======== Collected data
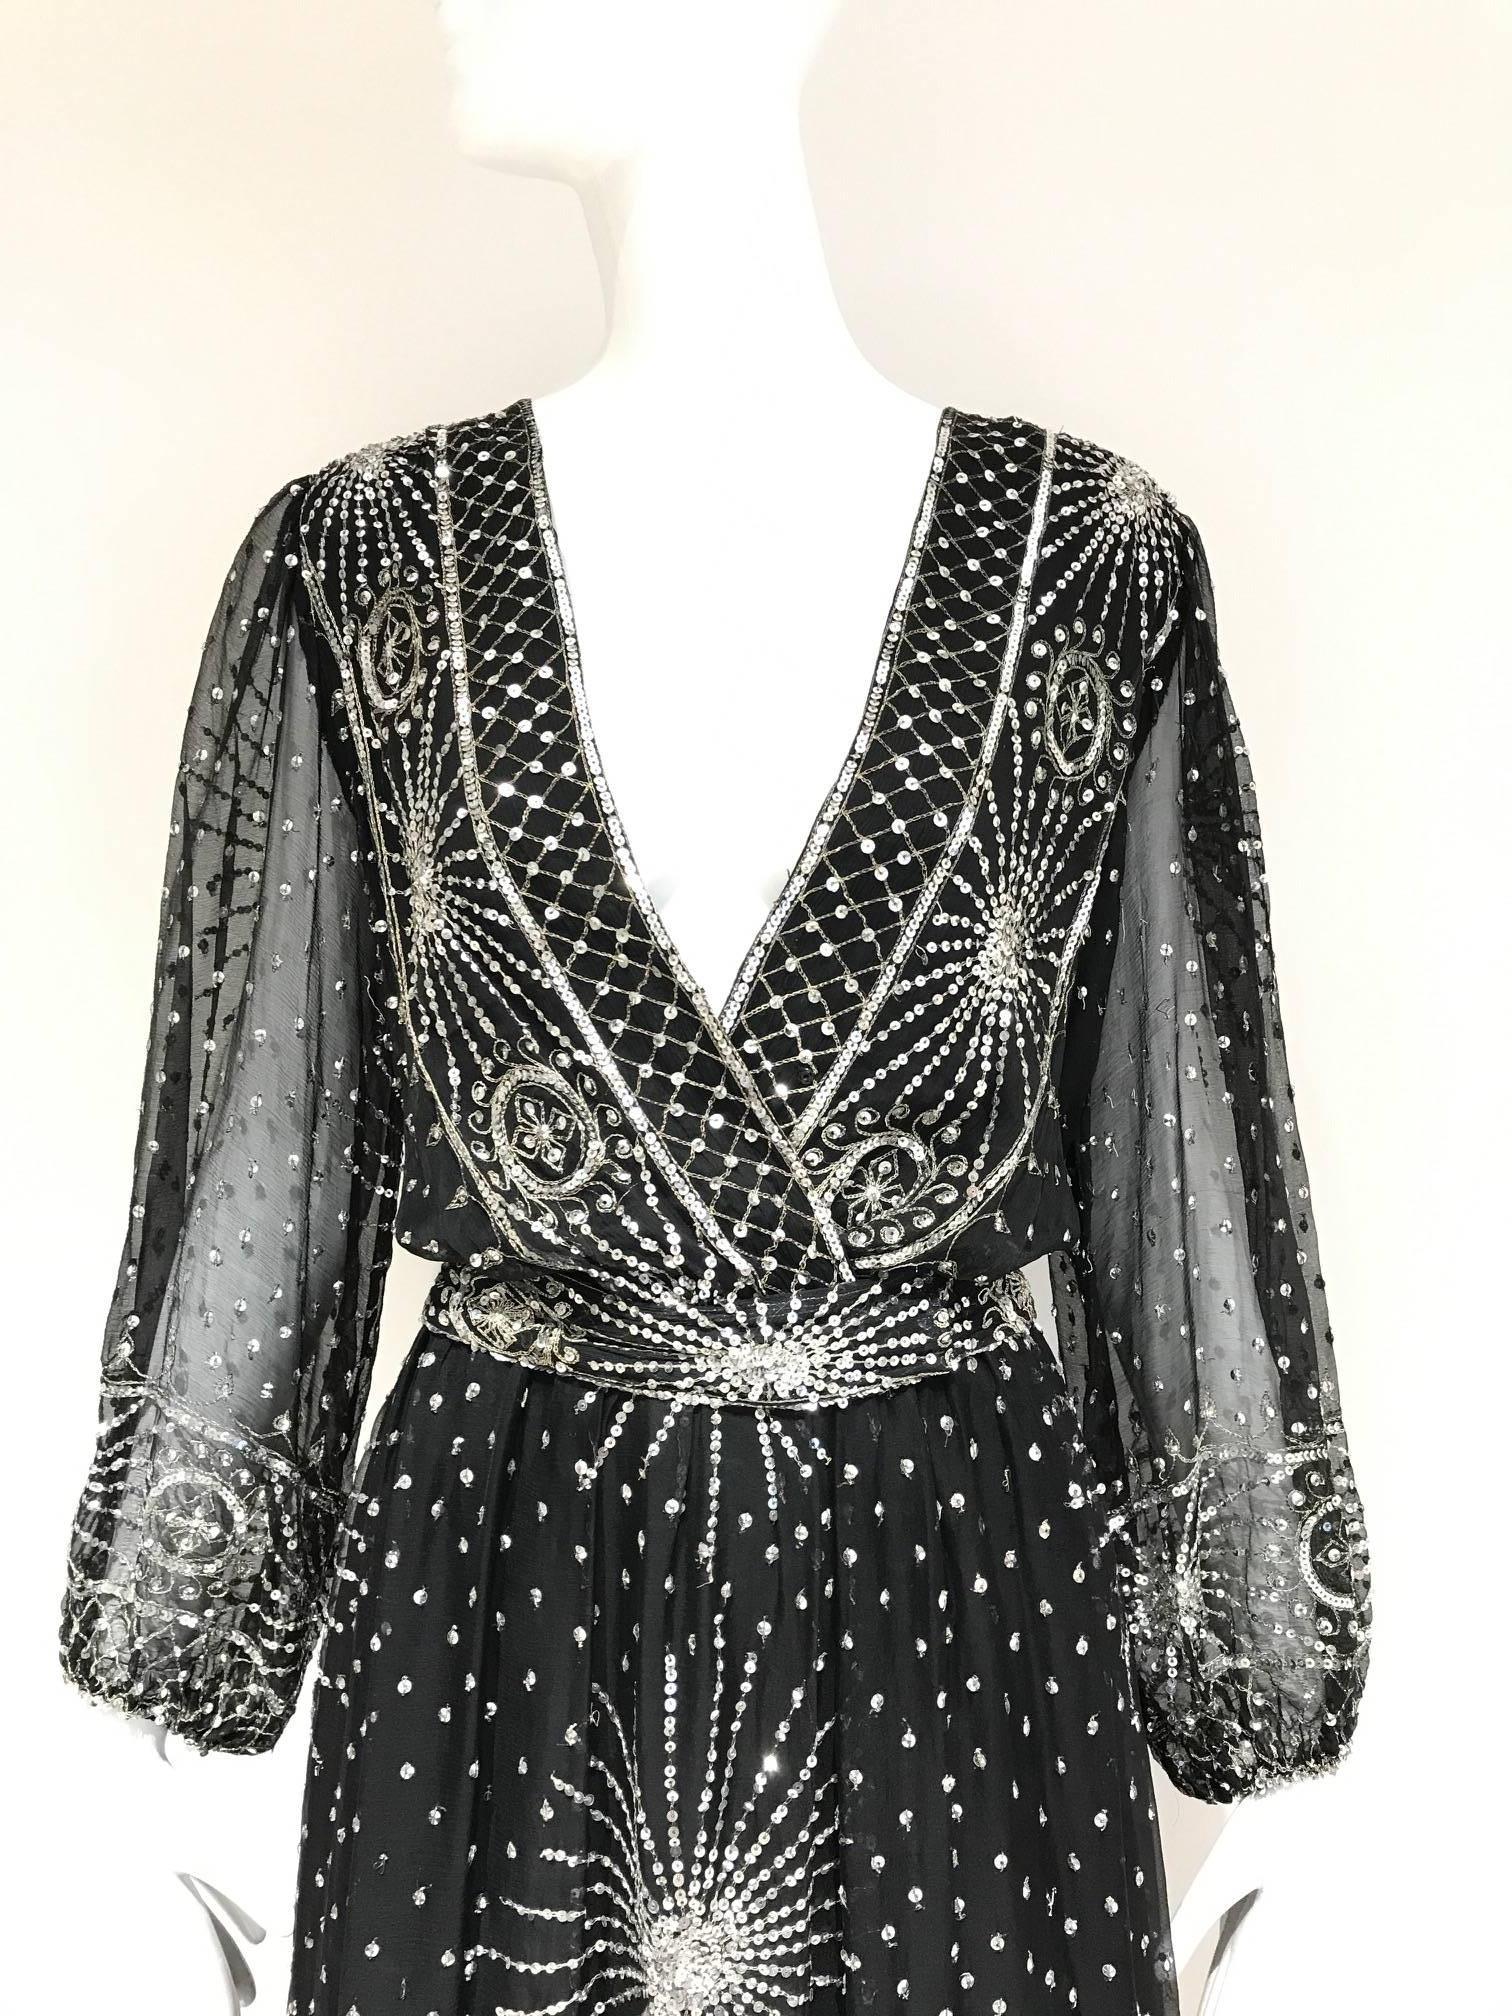 Vintage  1970s Black Silver Sequin starburst V neck Cocktail Dress.

Size 6/8 / Medium

***All Clothing has been professionally Dry Cleaned and ready to wear.
================
What is expected
Leaving out the pictures, output each line above exactly as it is.

Task response
 Vintage  1970s Black Silver Sequin starburst V neck Cocktail Dress.

Size 6/8 / Medium

***All Clothing has been professionally Dry Cleaned and ready to wear.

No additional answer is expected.